What this task involves: What you return should match the material below line for line, except that no image appears in it.

Data shown:
------------------------------------------------------------------------

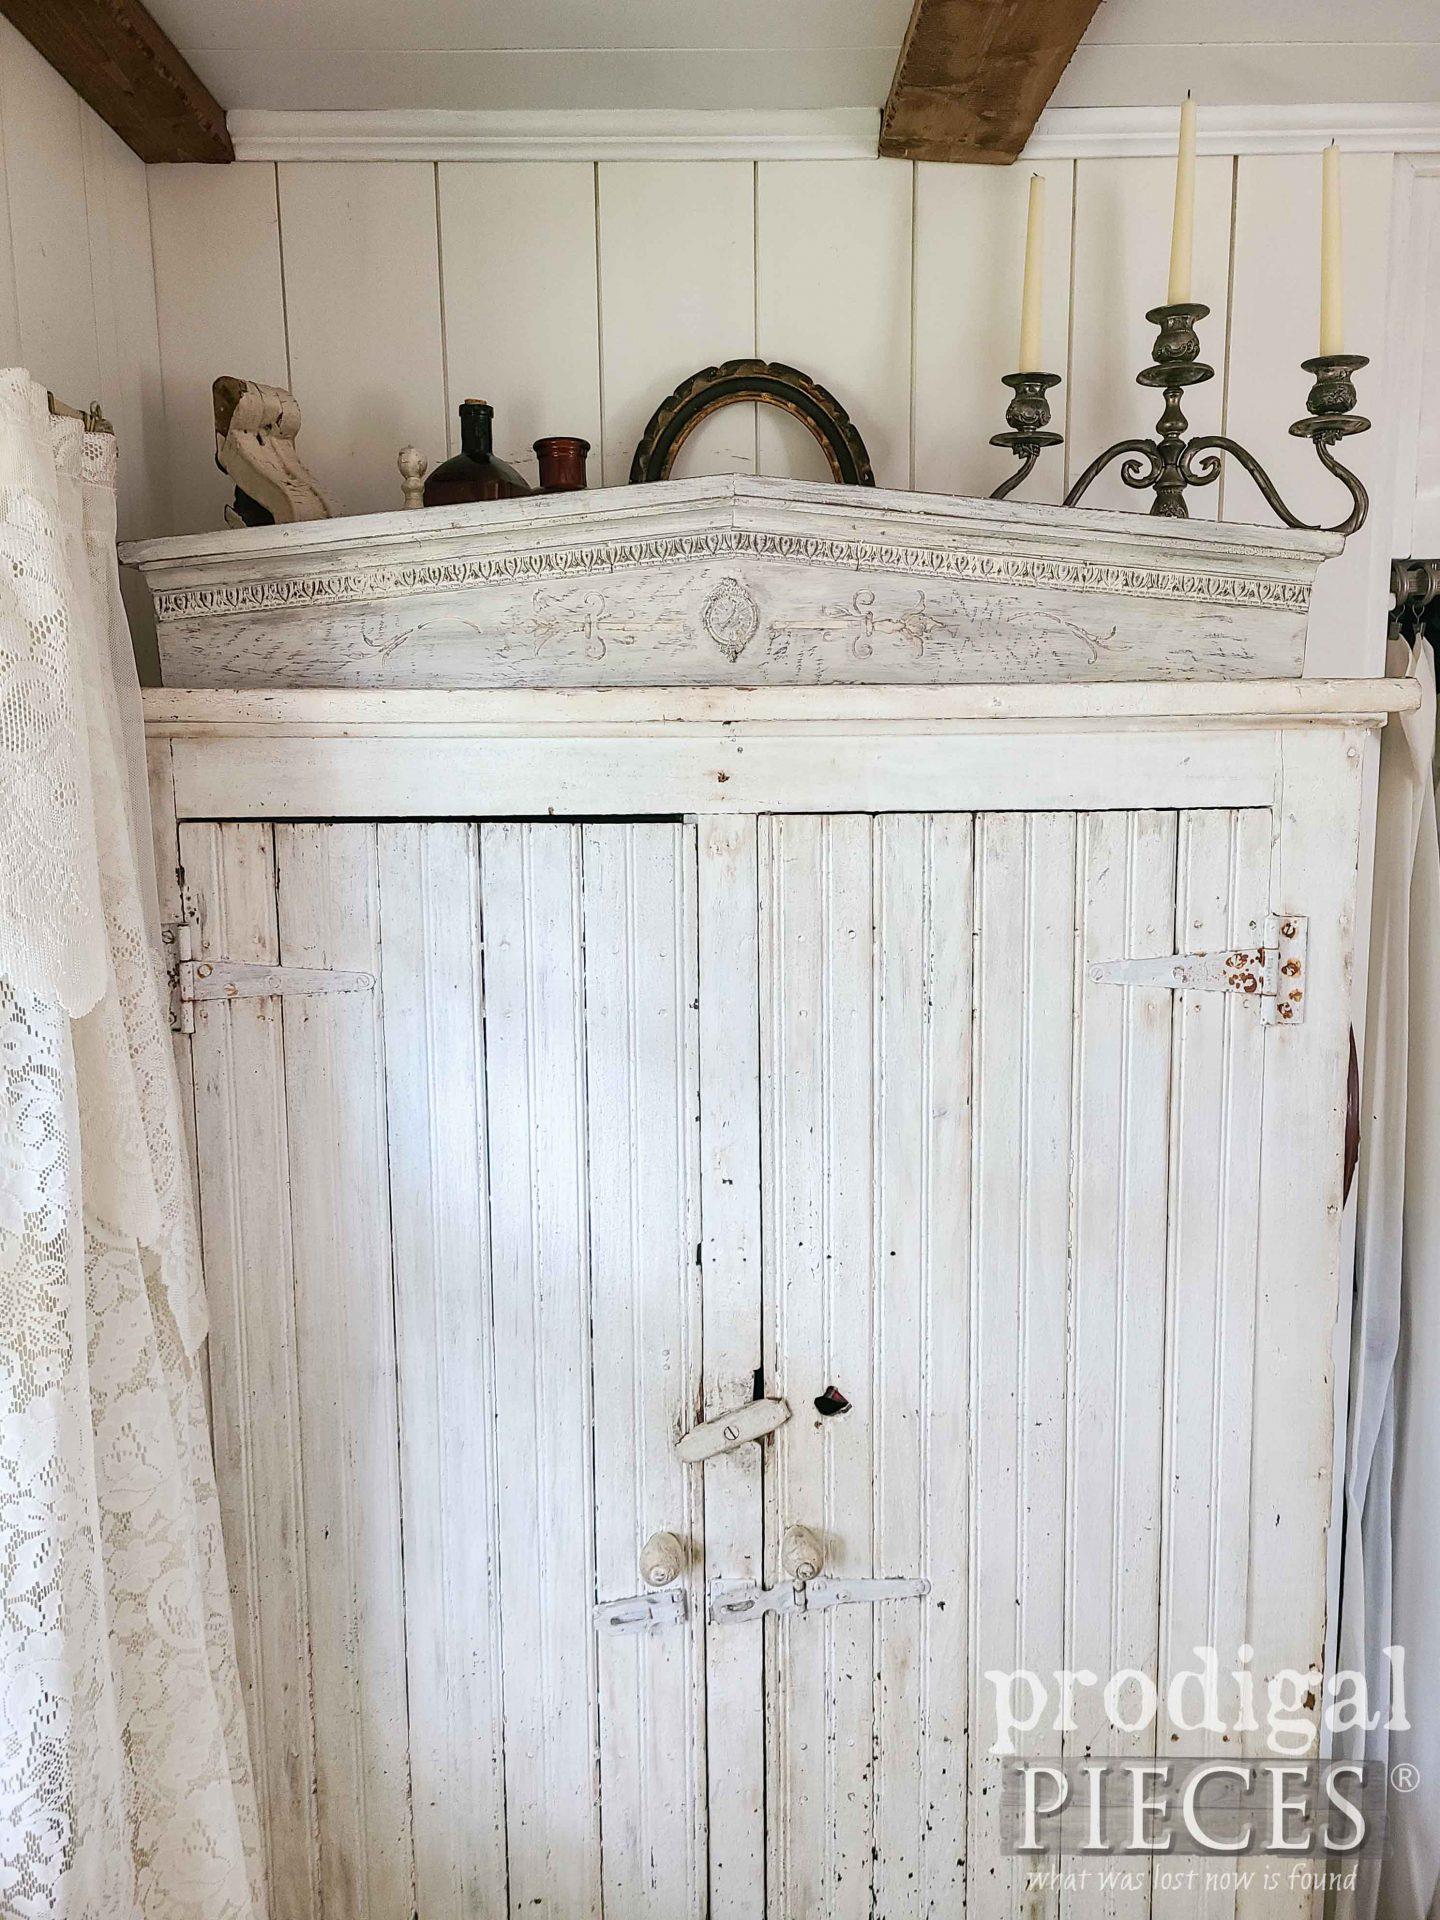 Antique Cupboard with Farmhouse Pediment by Larissa of Prodigal Pieces | prodigalpieces.com #prodigalpieces #farmhouse #diy
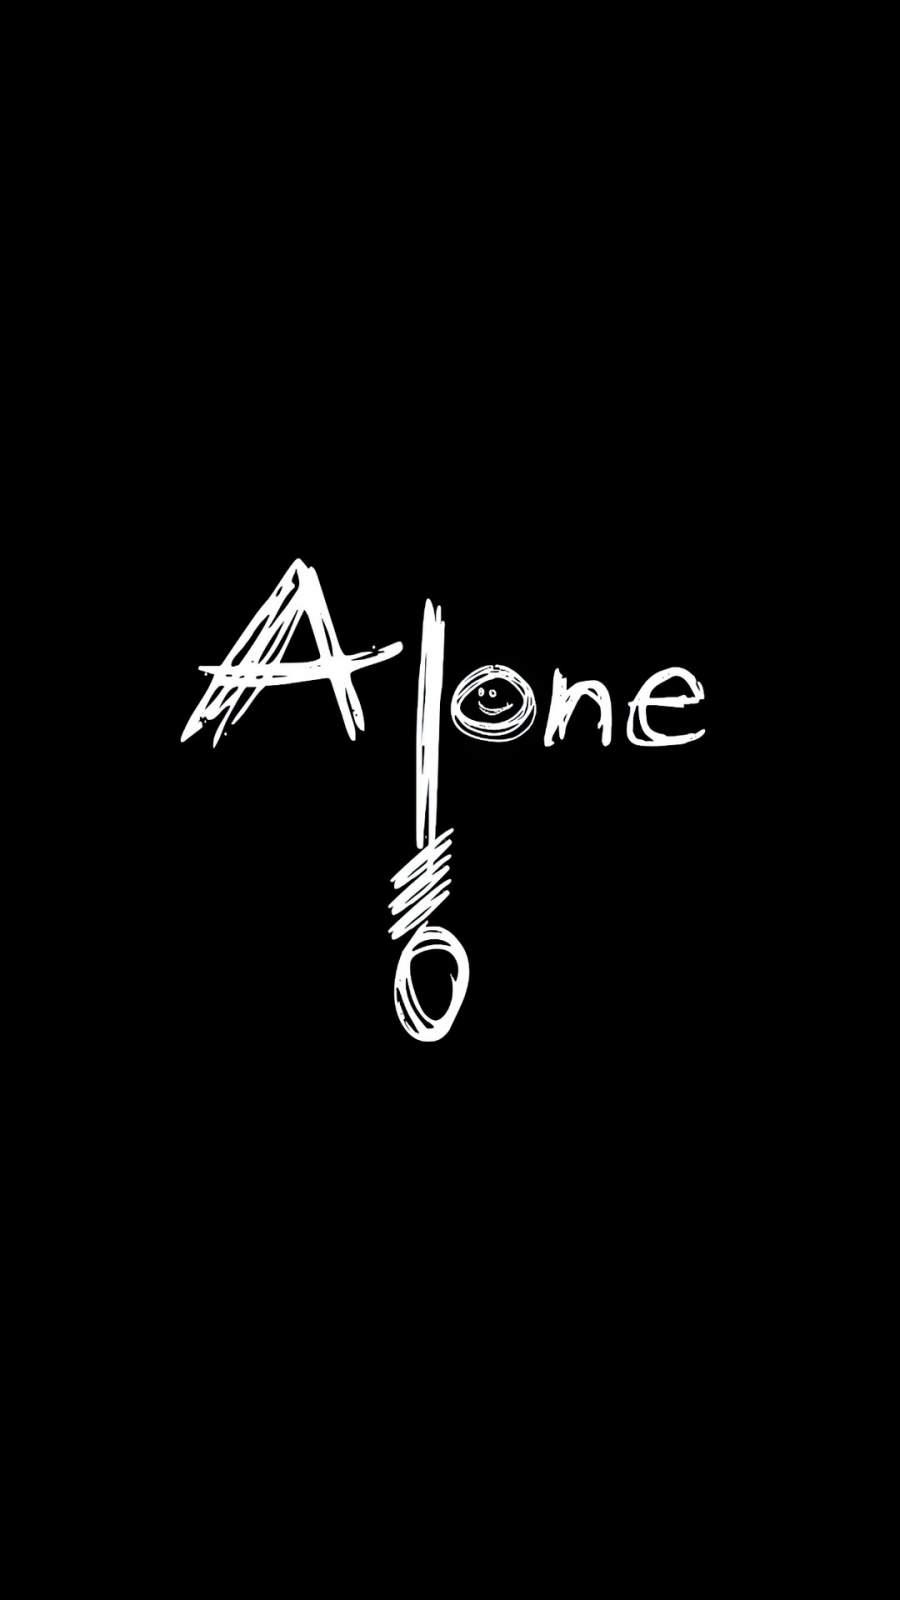 Alone Dark iPhone Wallpaper
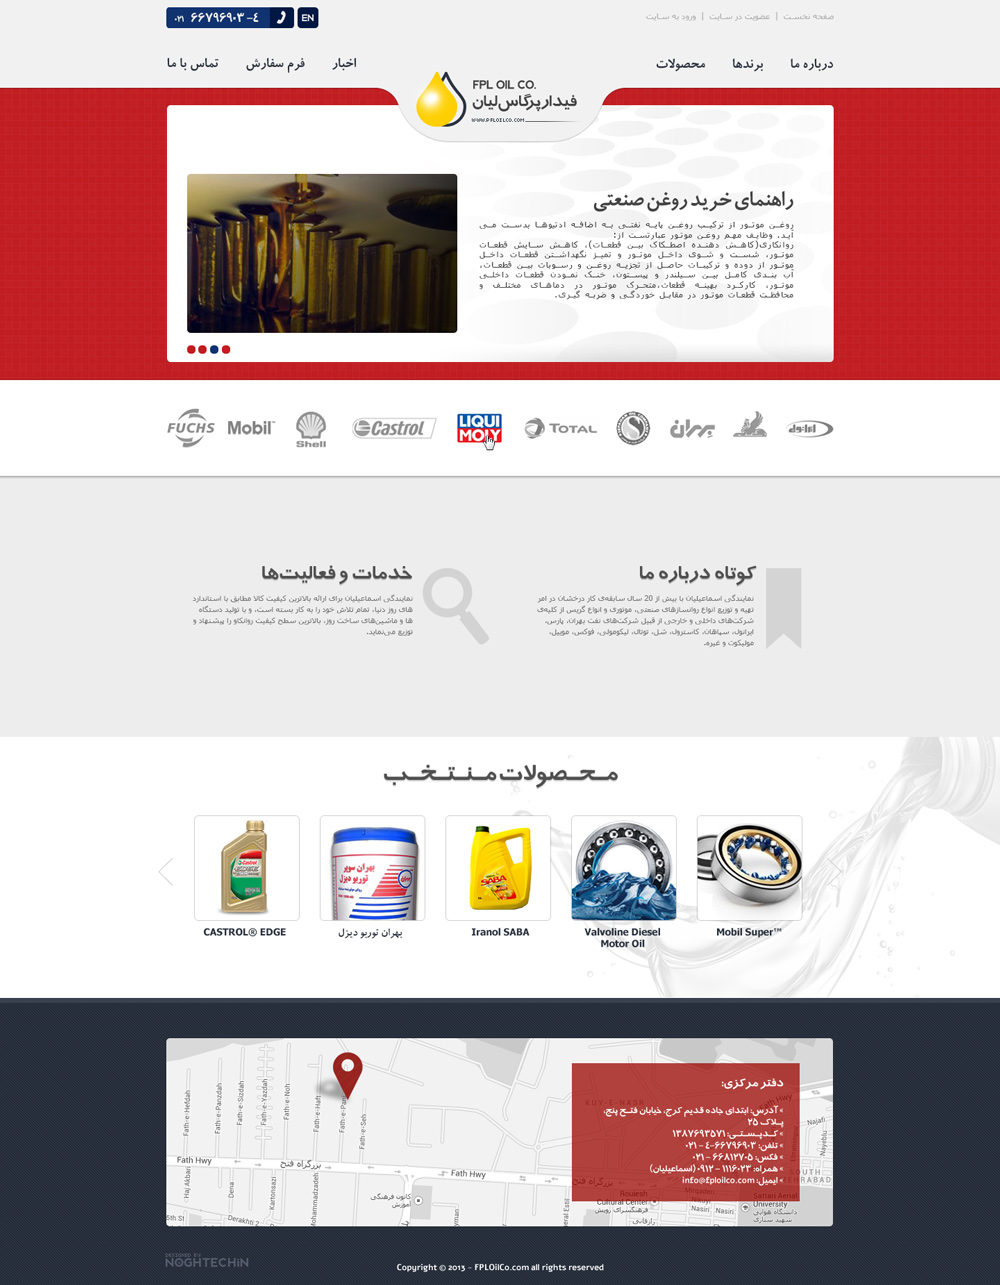 FPL Oil Co.
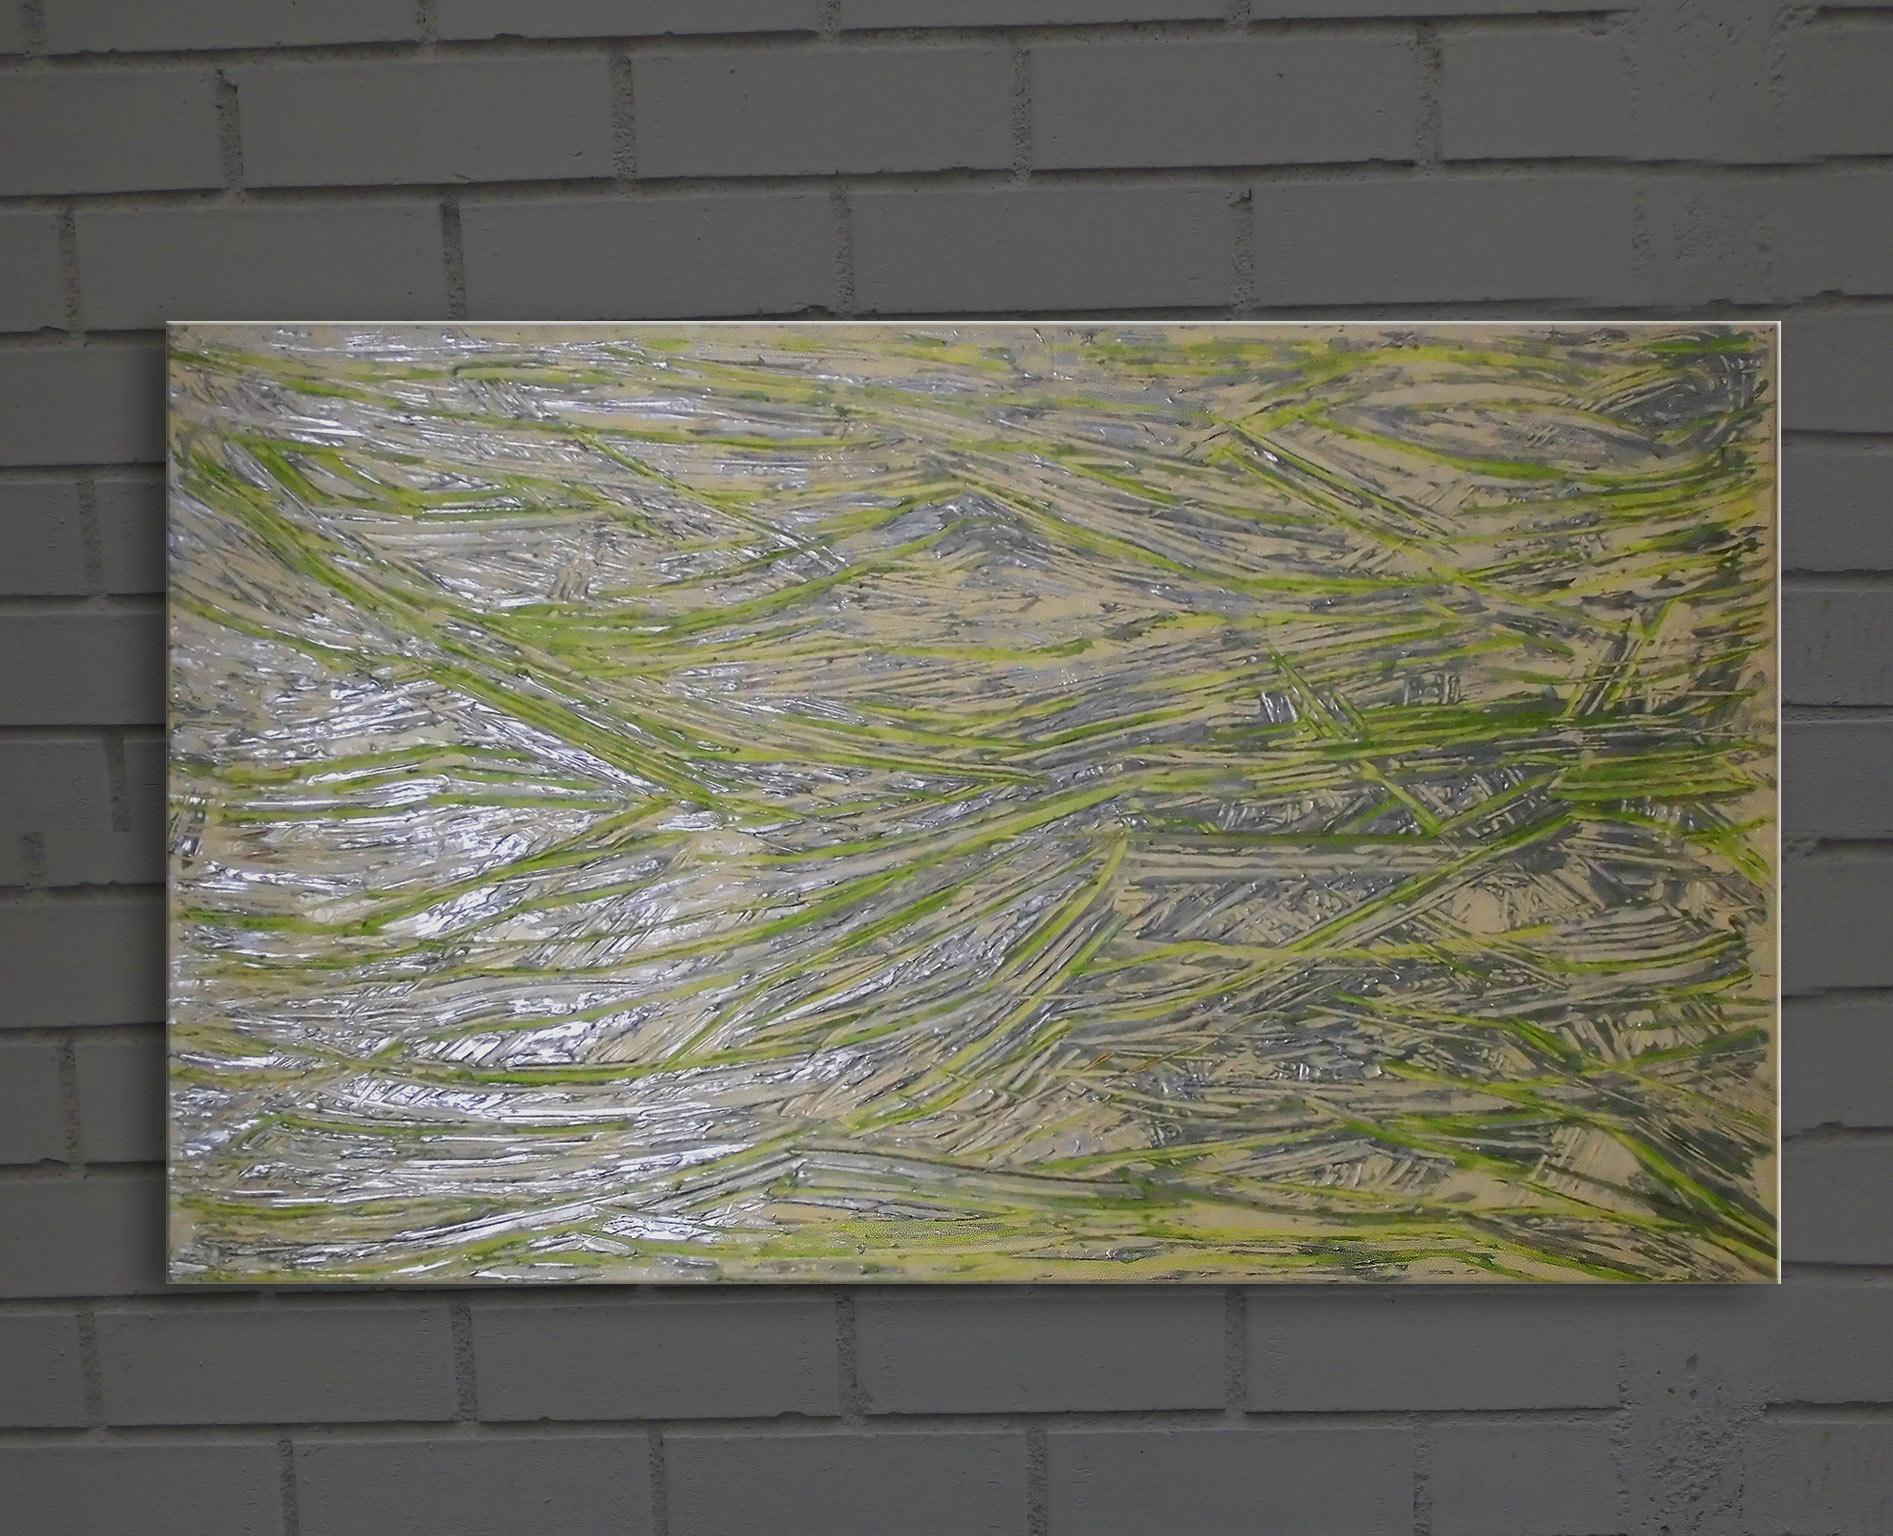 kunst gem lde original leinwand bilder online kaufen malerei bad soden taunus. Black Bedroom Furniture Sets. Home Design Ideas

------------------------------------------------------------------------

Your response:
 Antique Cupboard with Farmhouse Pediment by Larissa of Prodigal Pieces | prodigalpieces.com #prodigalpieces #farmhouse #diy
 Alone Dark iPhone Wallpaper
 FPL Oil Co.
 kunst gem lde original leinwand bilder online kaufen malerei bad soden taunus. Black Bedroom Furniture Sets. Home Design Ideas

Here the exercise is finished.